- [Requirement]
Retype the listing exactly. Leave out the images.

- [Data below]
..........

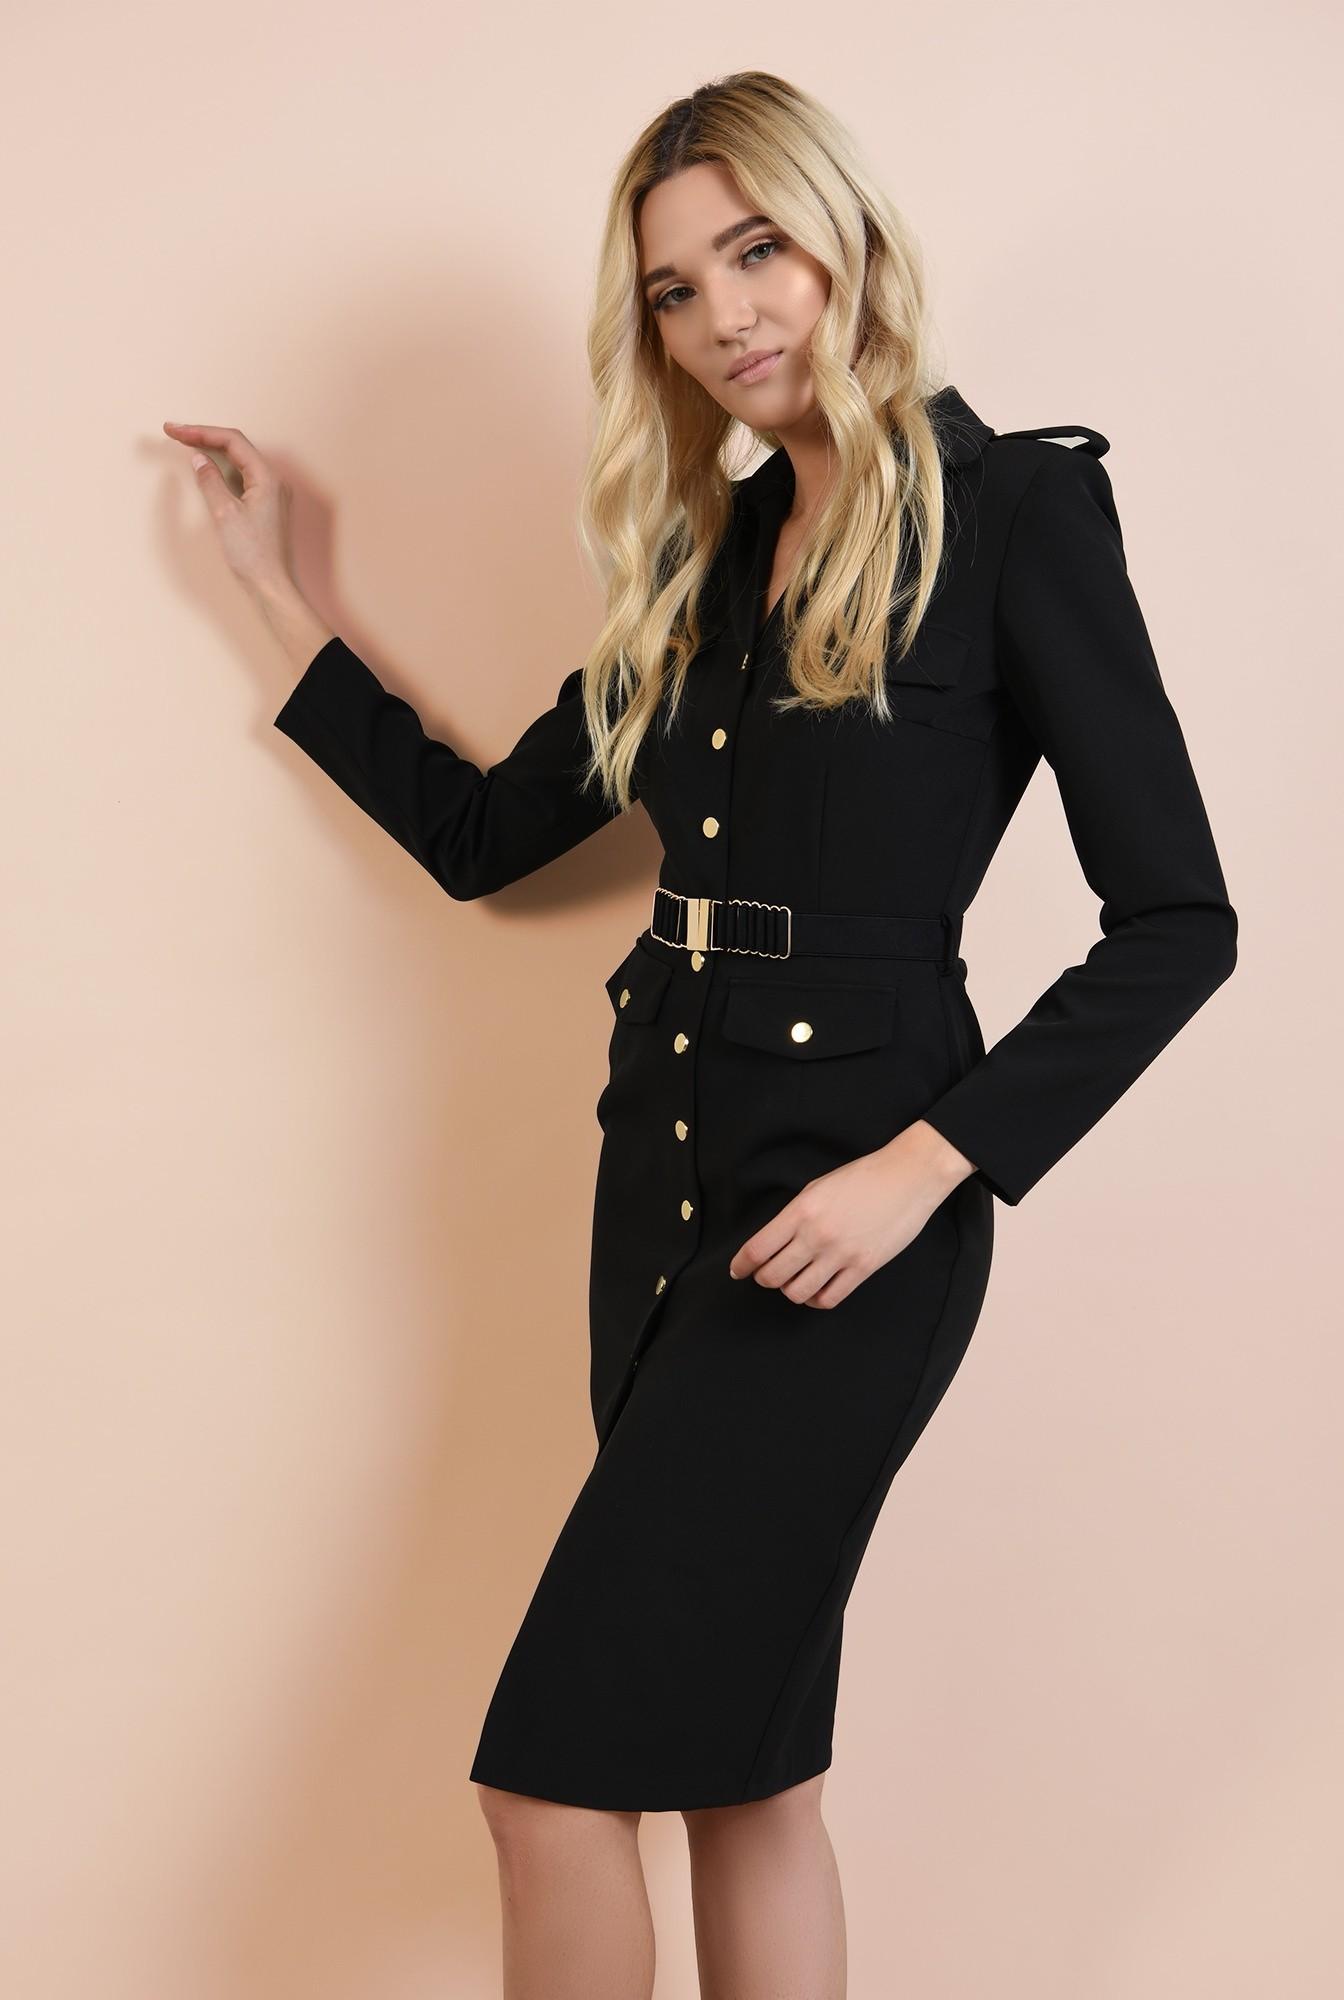 0 - rochie neagra, casual, nasturi aurii, epoleti, curea fronsata
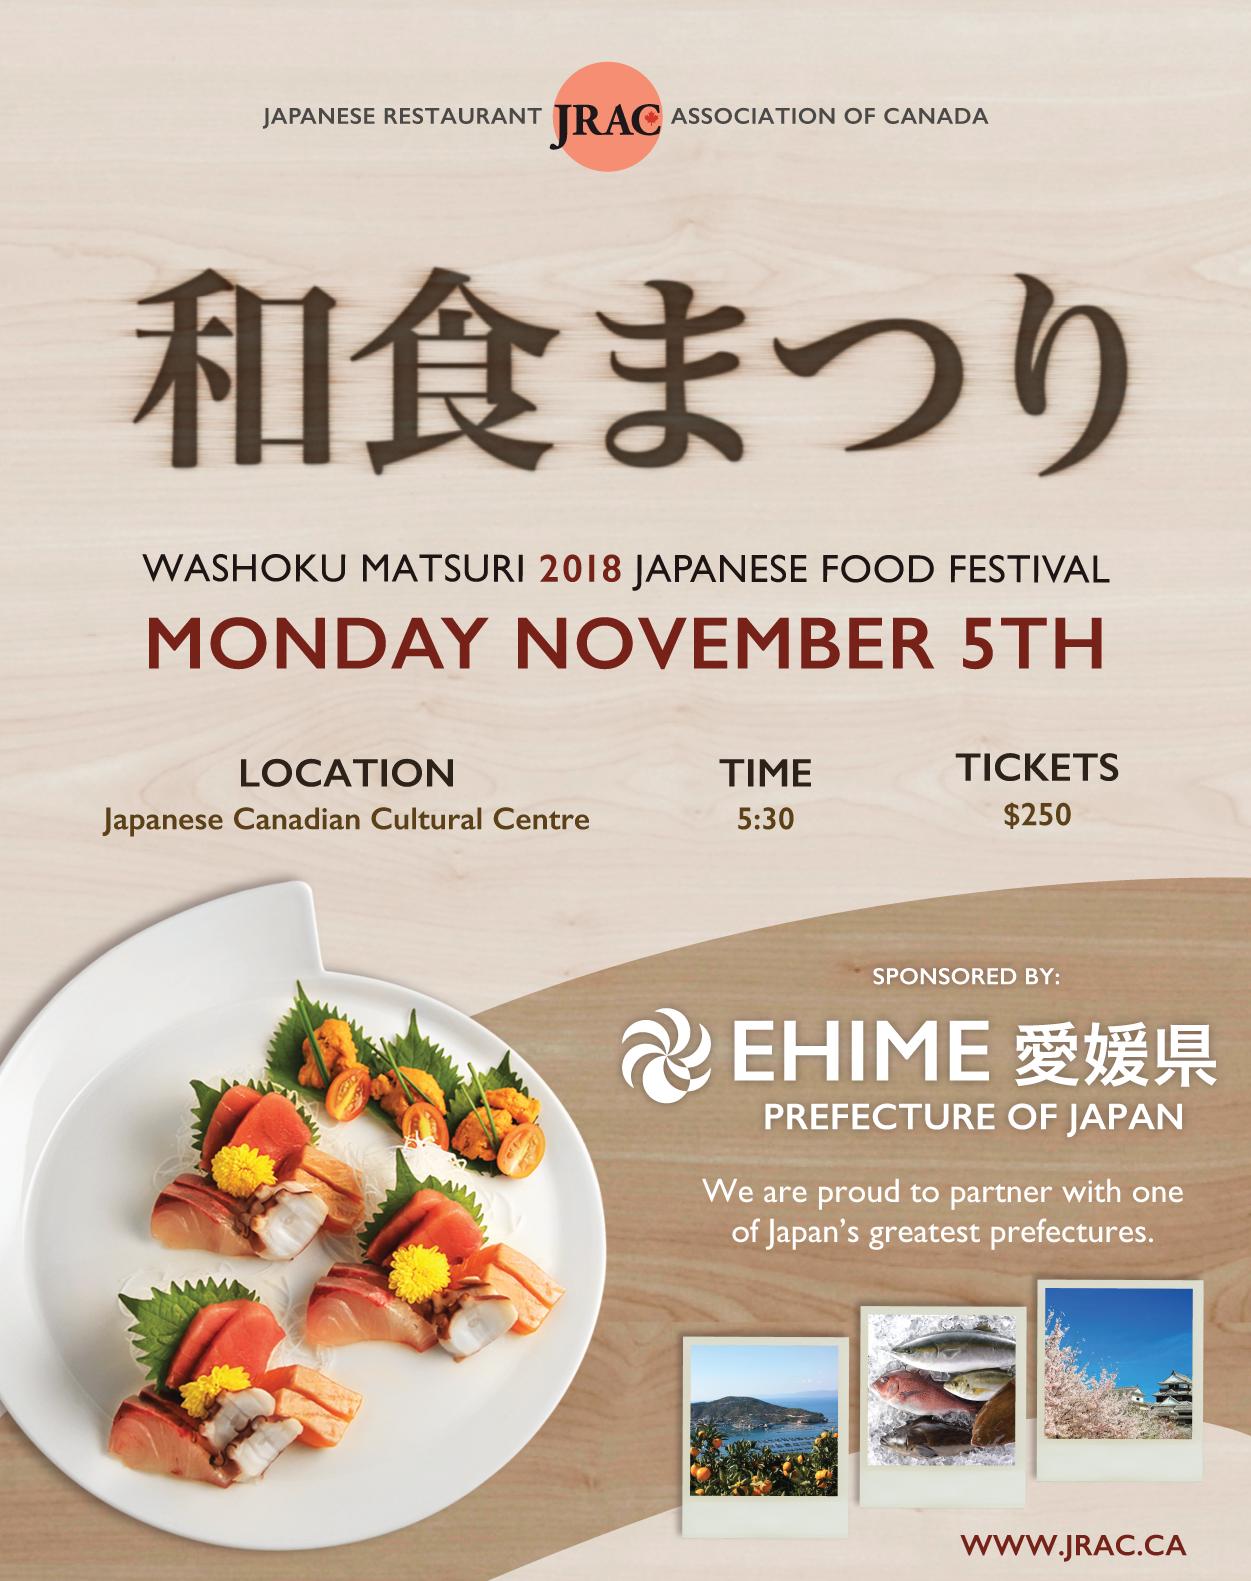 JRAC_Washoku_Web_Poster_v2.png
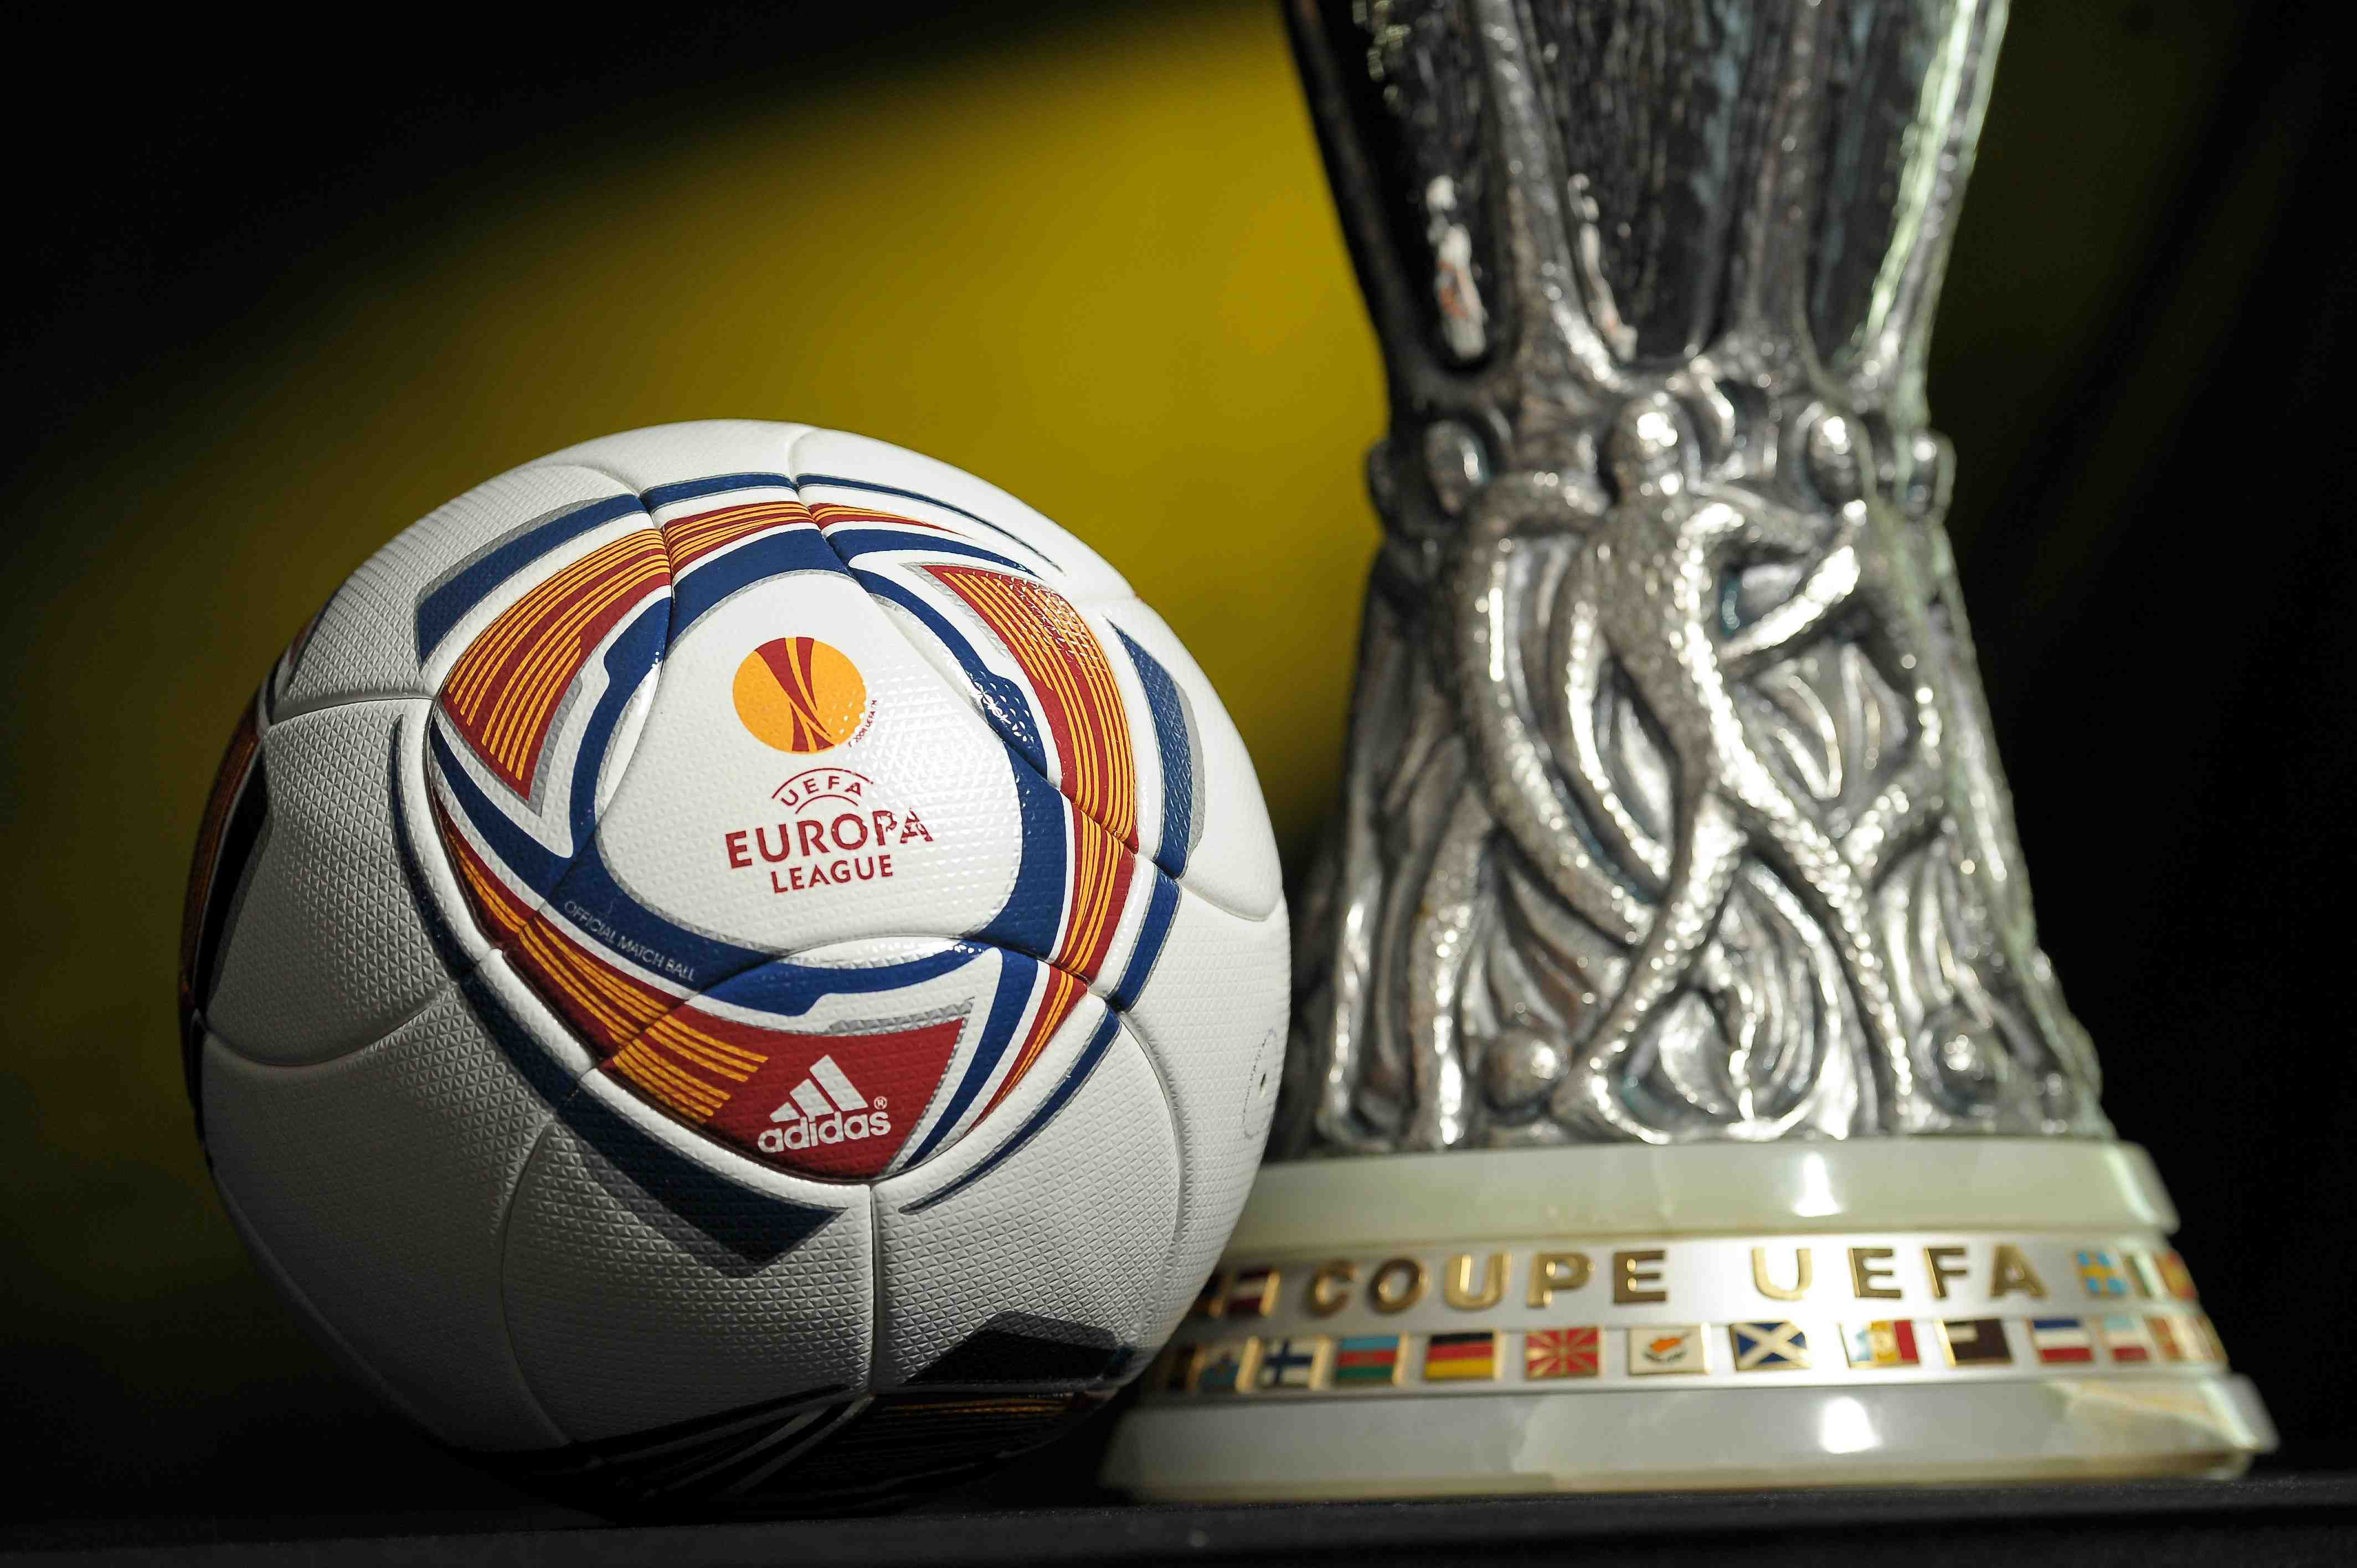 General views of trophies and yearbook - 2011 UEFA Super Cup

..........

- [Solution to this task]
 0 - rochie neagra, casual, nasturi aurii, epoleti, curea fronsata
 JRAC_Washoku_Web_Poster_v2.png
 General views of trophies and yearbook - 2011 UEFA Super Cup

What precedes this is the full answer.